HTTP/1.0 204 No Content
The server has fulfilled the request but there is no new information
to send back. If the client is a user agent, it should not change its
document view from that which caused the request to be generated. This
response is primarily intended to allow input for scripts or other
actions to take place without causing a change to the user agent's
active document view. The response may include new metainformation in
the form of entity headers, which should apply to the document
currently in the user agent's active view.
Source: https://www.w3.org/Protocols/HTTP/1.0/spec.html#Code204
This is also compatible with the HTTP/1.1 protocol.
I recommend using output buffering to ensure no other content is being sent by your application by mistake.
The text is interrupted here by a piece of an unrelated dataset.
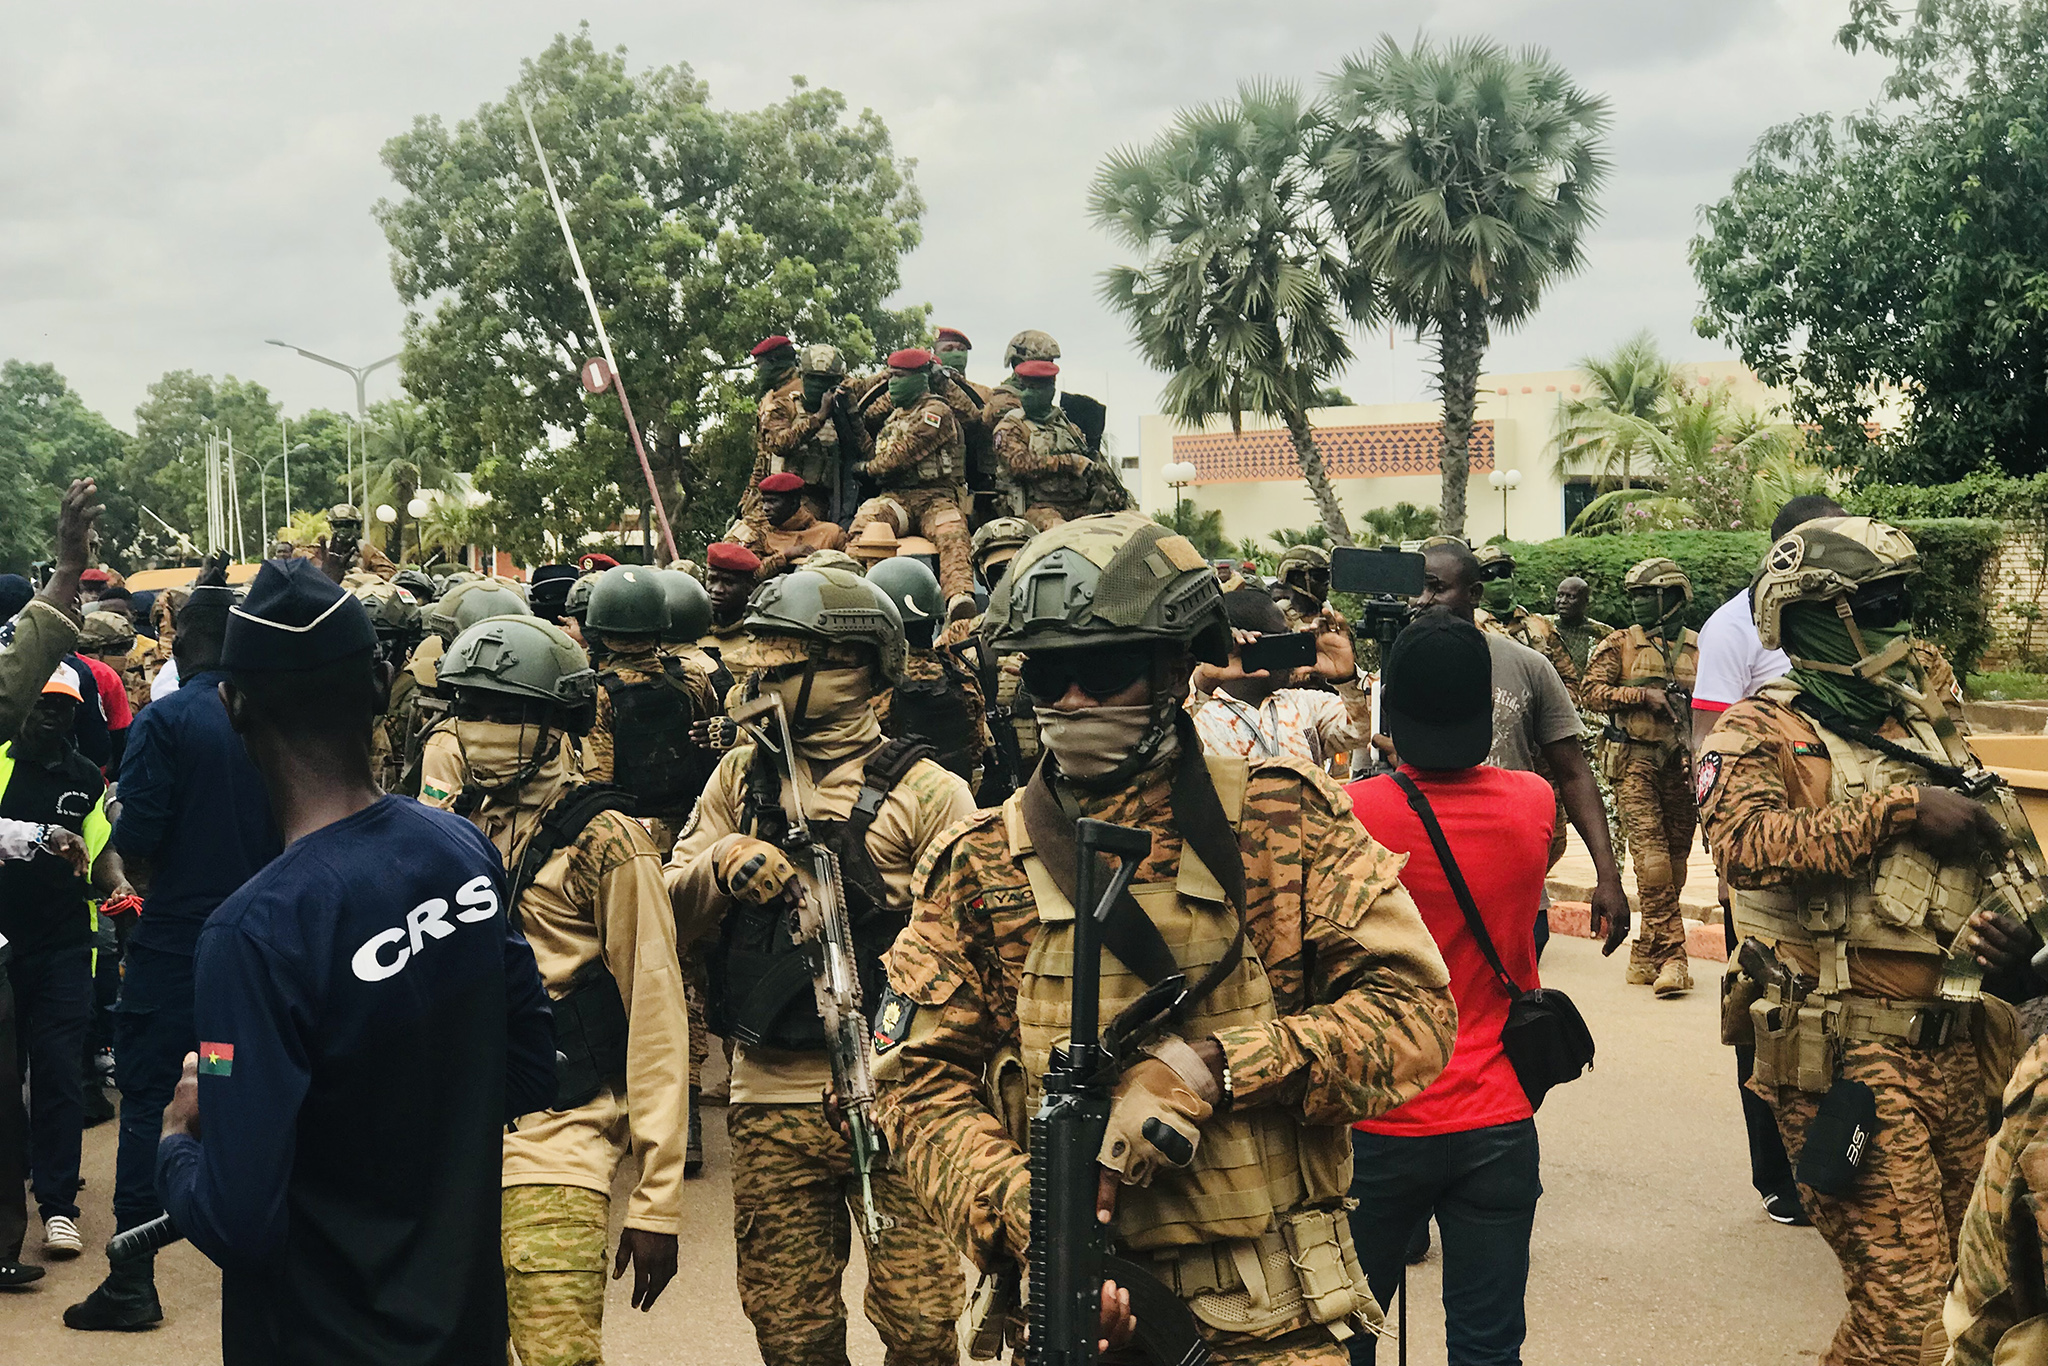 Burkina Faso troops deploy at their capital’s airport in July 2023 for the arrival of the country’s coup leader, army Captain Ibrahim Traore, from meetings in Moscow, including with Russian President Vladimir Putin. (EKokou/CC License 4.0)
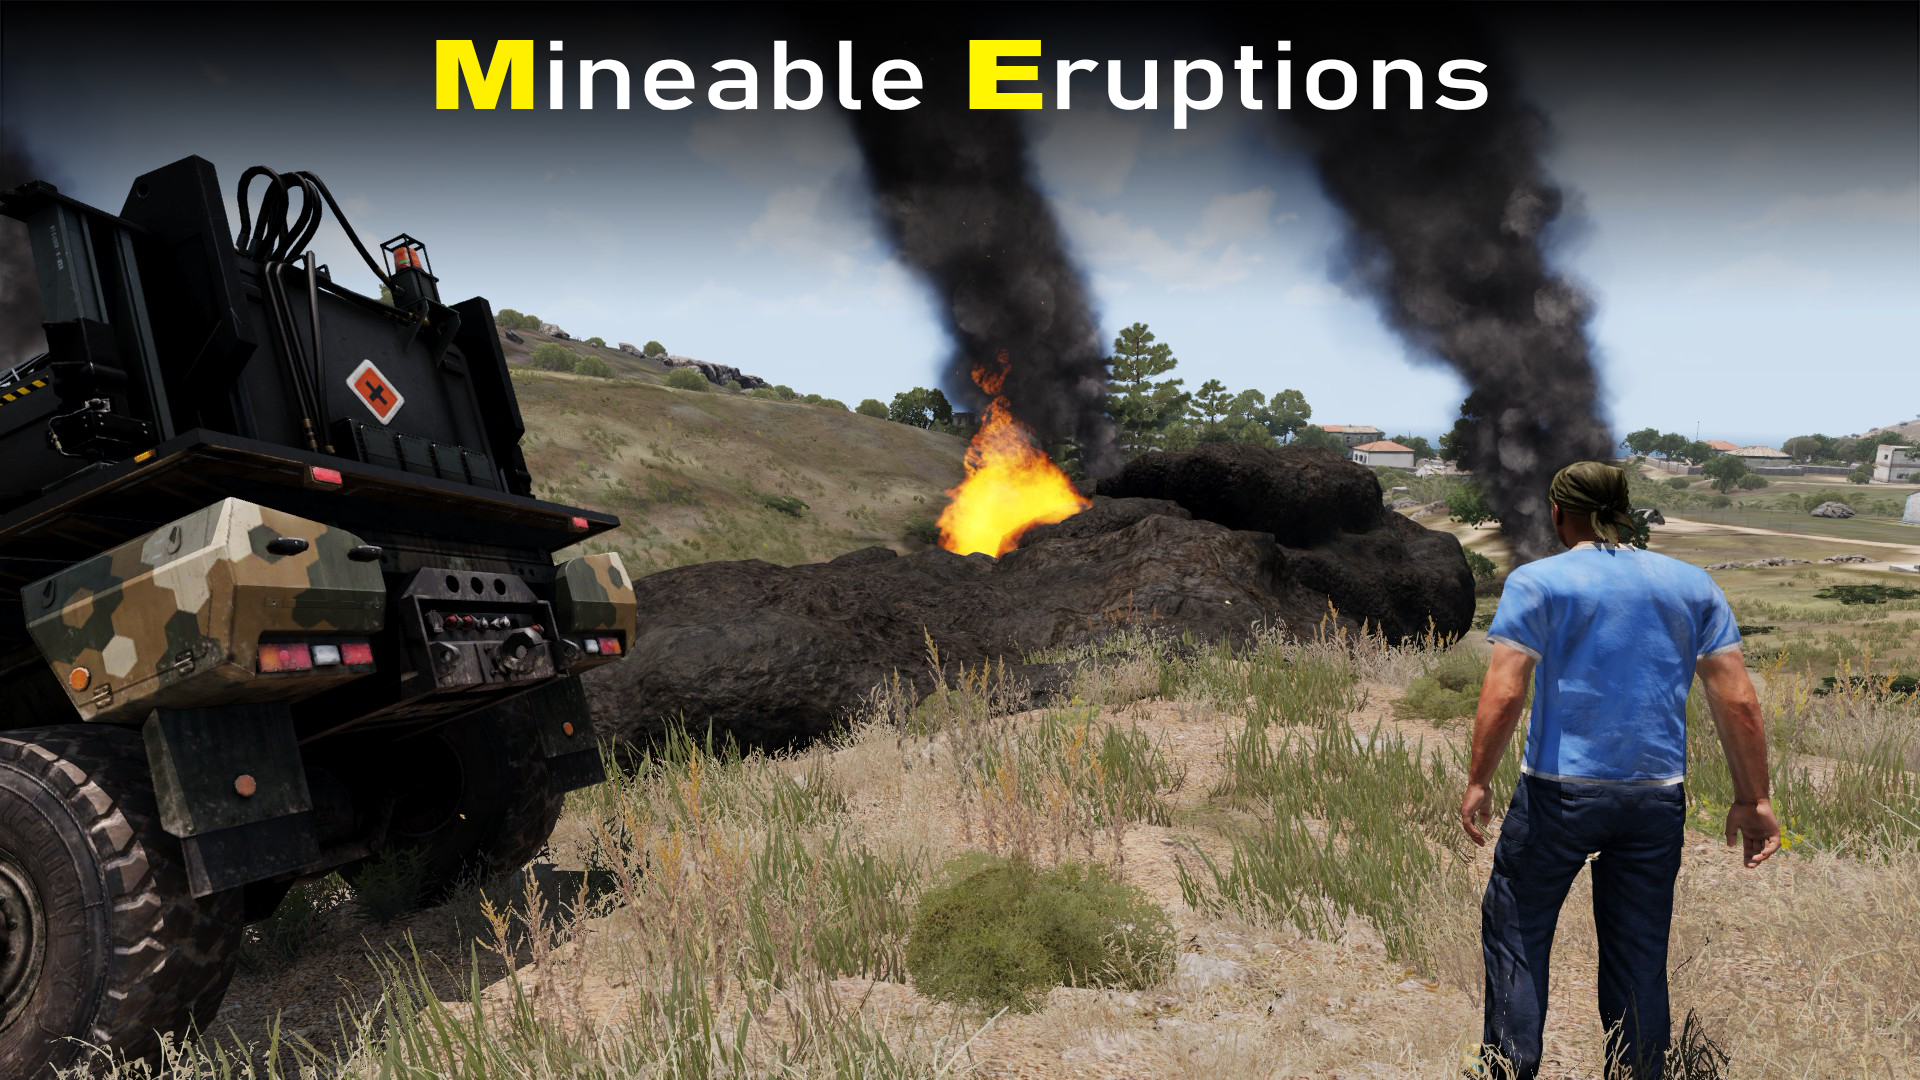 Mineable Eruptions

Additionally there should be no need to send a Content-Length header.
function downloadFile($path) {
if (!is_file($path) || !($fsize = filesize($path))) {
header('HTTP/1.0 204 No Content');
exit;
}
$path_parts = pathinfo($path);
header('Cache-Control: public');
header('Content-Description: File Transfer');
header('Content-Disposition: filename="' . $path_parts['basename'] . '"');
header('Content-Type: application/x-file-to-save');
header('Content-Transfer-Encoding: binary');
header('Content-length: ' . $fsize); //fsize already validated above.
return readfile($path);
}
Performing the file checks before creating the links is the simplest way to do this.
If I understand your request correctly you have files that you wish to allow a client to download, and links to PHP scripts that download certain files.
The problem with your implementation is that when the file is empty, the PHP script still must load and change the content of the clients page(from the action of loading the script), which is the incorrect behavior (correct being no action at all).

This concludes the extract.